───── DATA

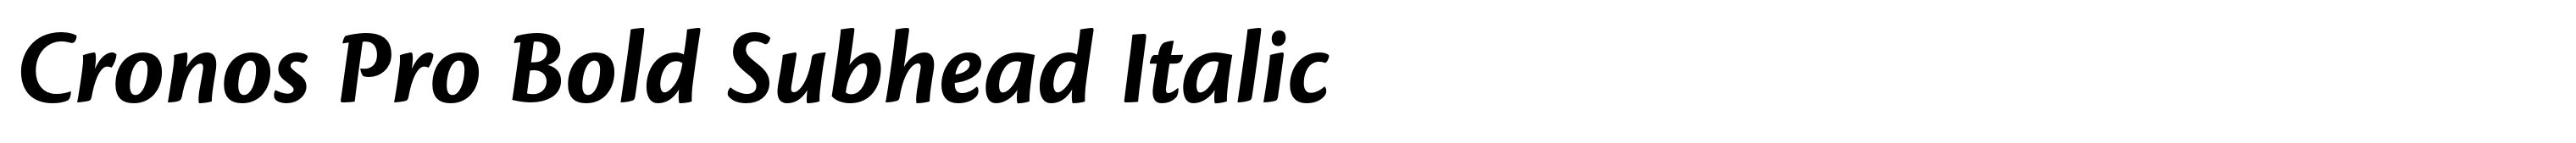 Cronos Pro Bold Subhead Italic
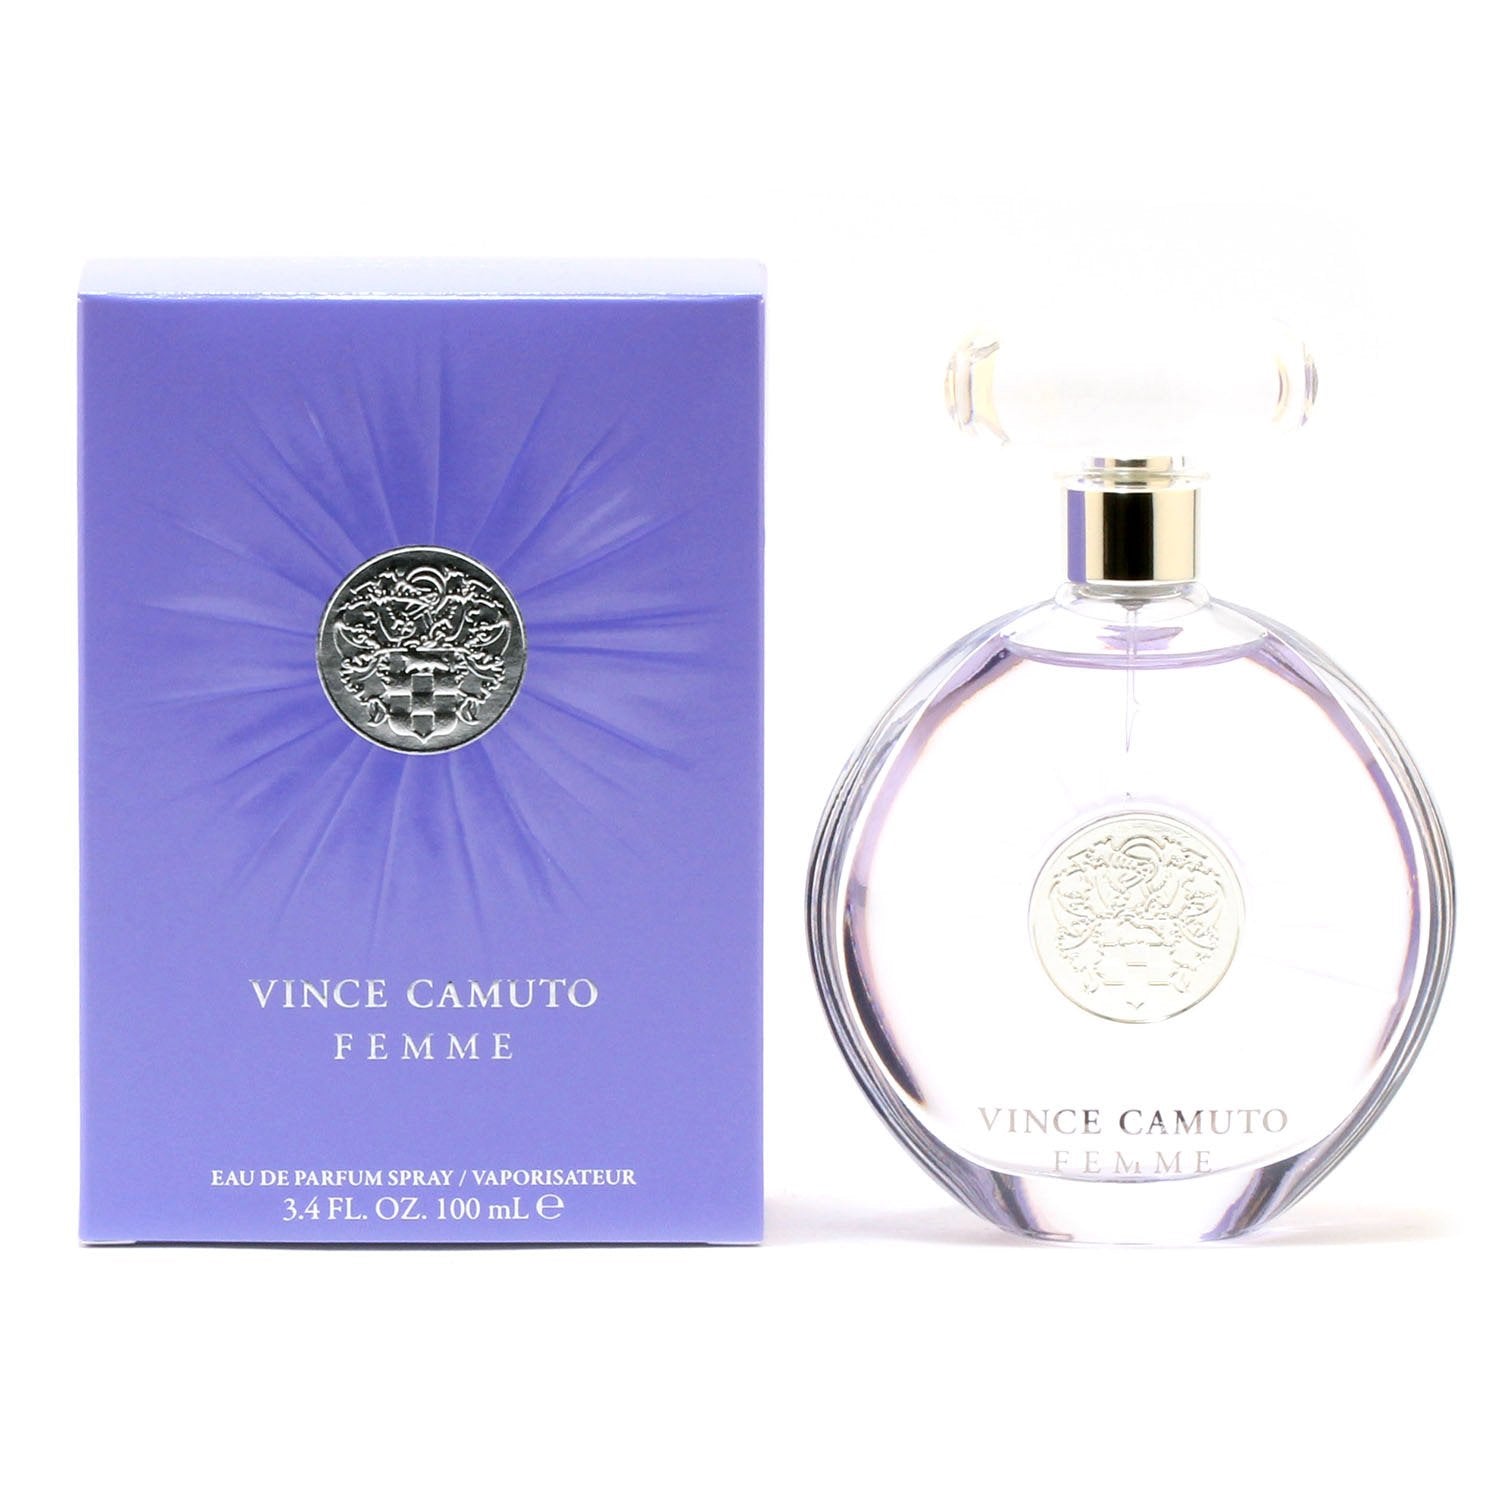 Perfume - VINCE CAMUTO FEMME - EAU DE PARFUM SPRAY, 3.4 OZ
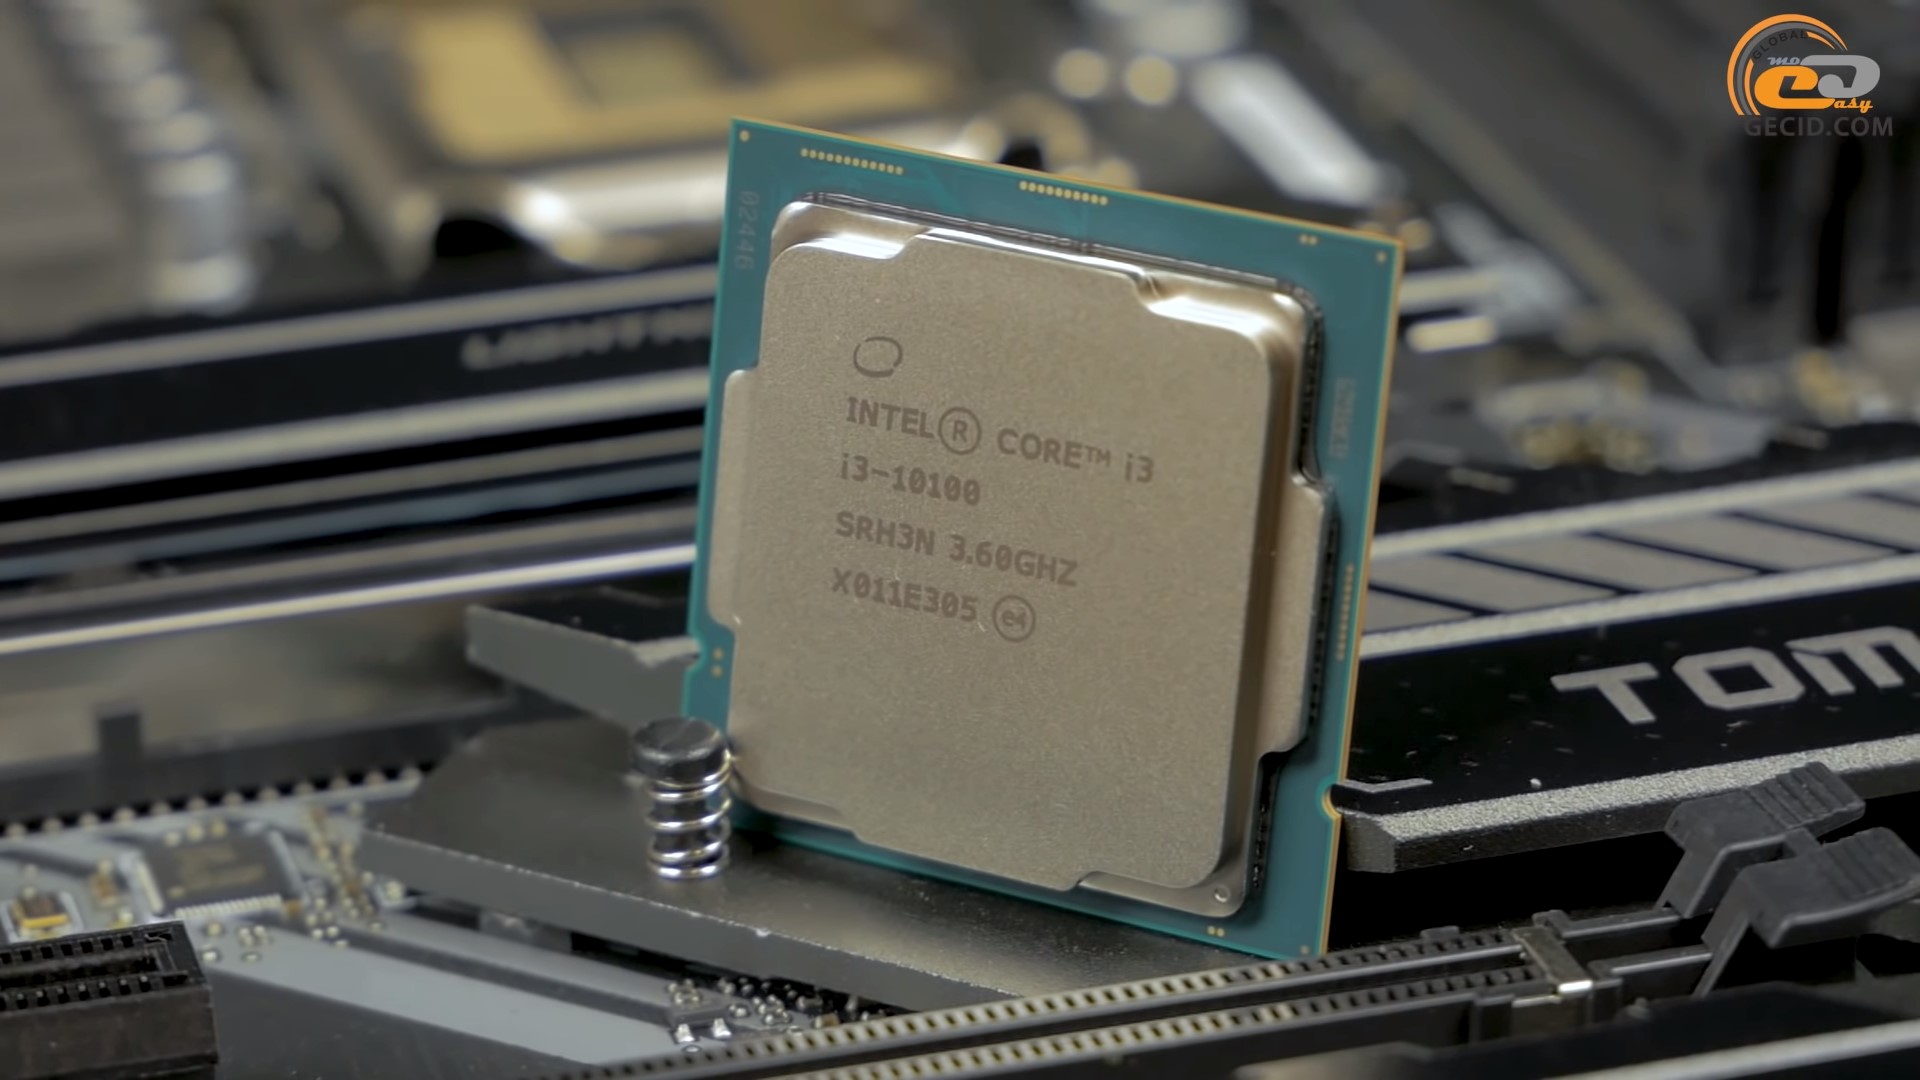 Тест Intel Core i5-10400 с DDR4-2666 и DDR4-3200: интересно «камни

──────────
───── DATA

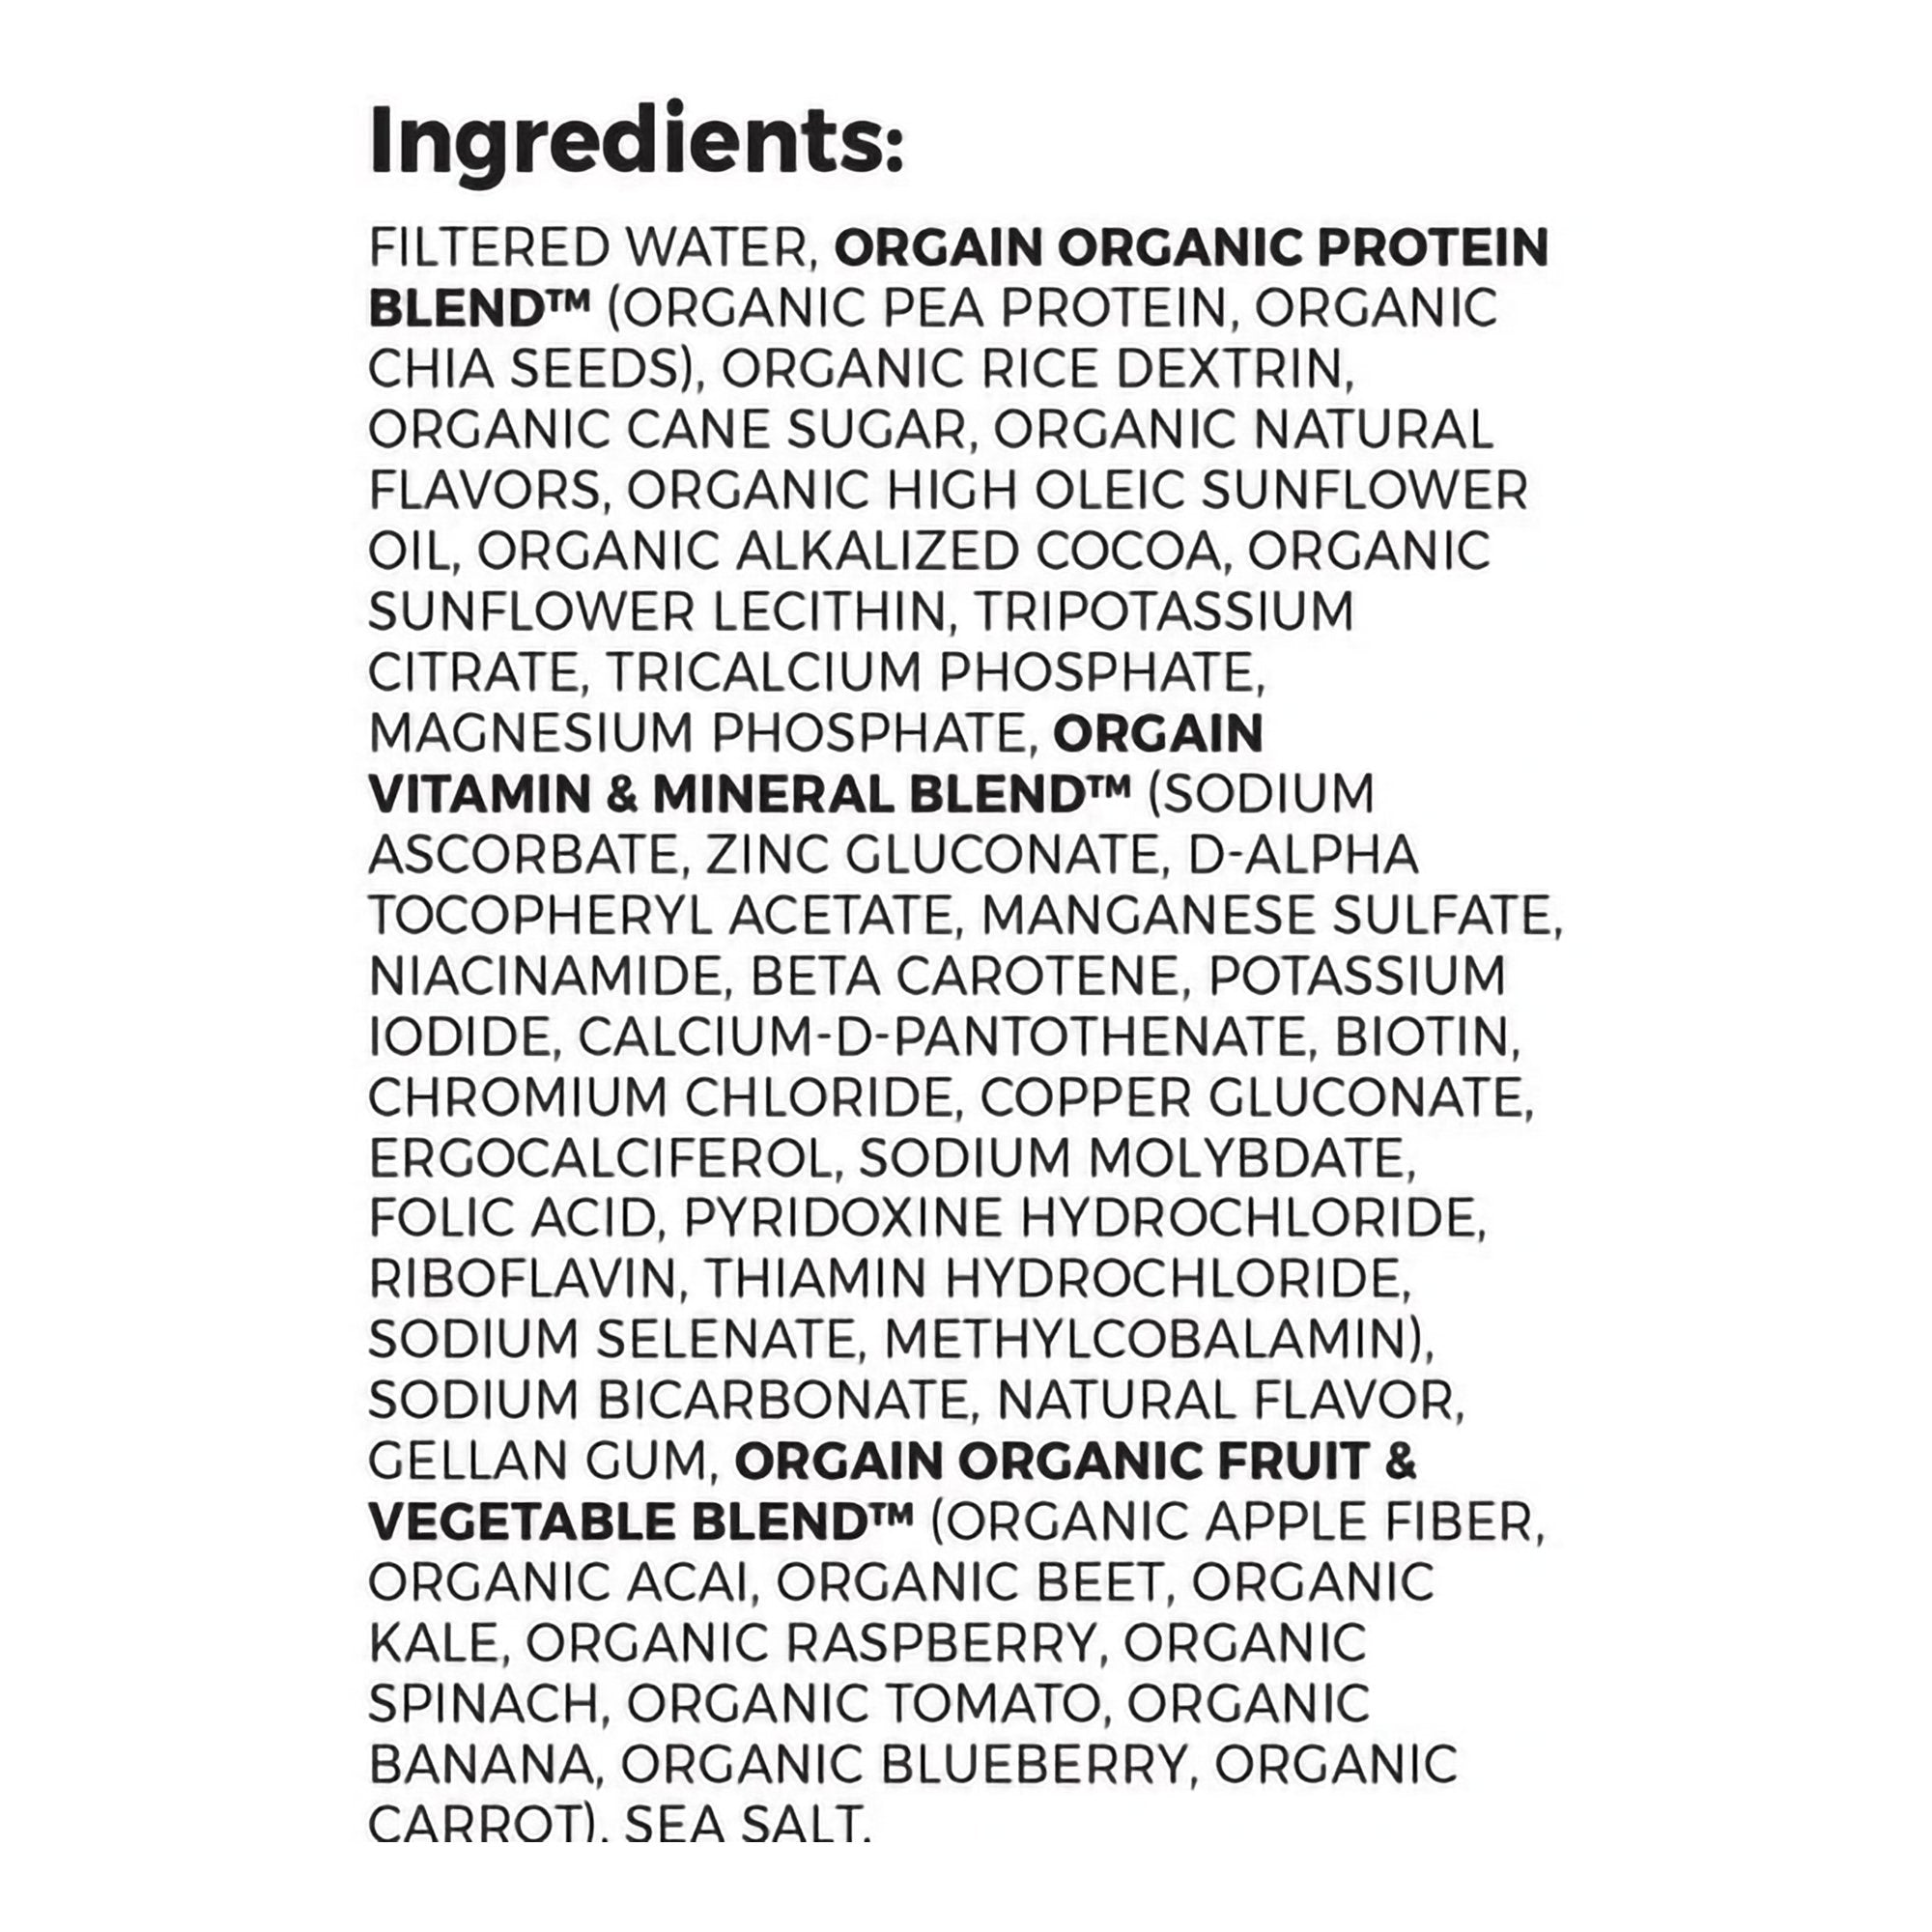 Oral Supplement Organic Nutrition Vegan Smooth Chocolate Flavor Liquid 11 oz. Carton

──────────

WORK INSTRUCTIONS:
Copy only the lines above from the one containing "Perfume - VINCE" through the one containing "Тест Intel Core", both included. Leave out the pictures.

ANSWER FOR THE TASK:
 Perfume - VINCE CAMUTO FEMME - EAU DE PARFUM SPRAY, 3.4 OZ
 Тест Intel Core i5-10400 с DDR4-2666 и DDR4-3200: интересно «камни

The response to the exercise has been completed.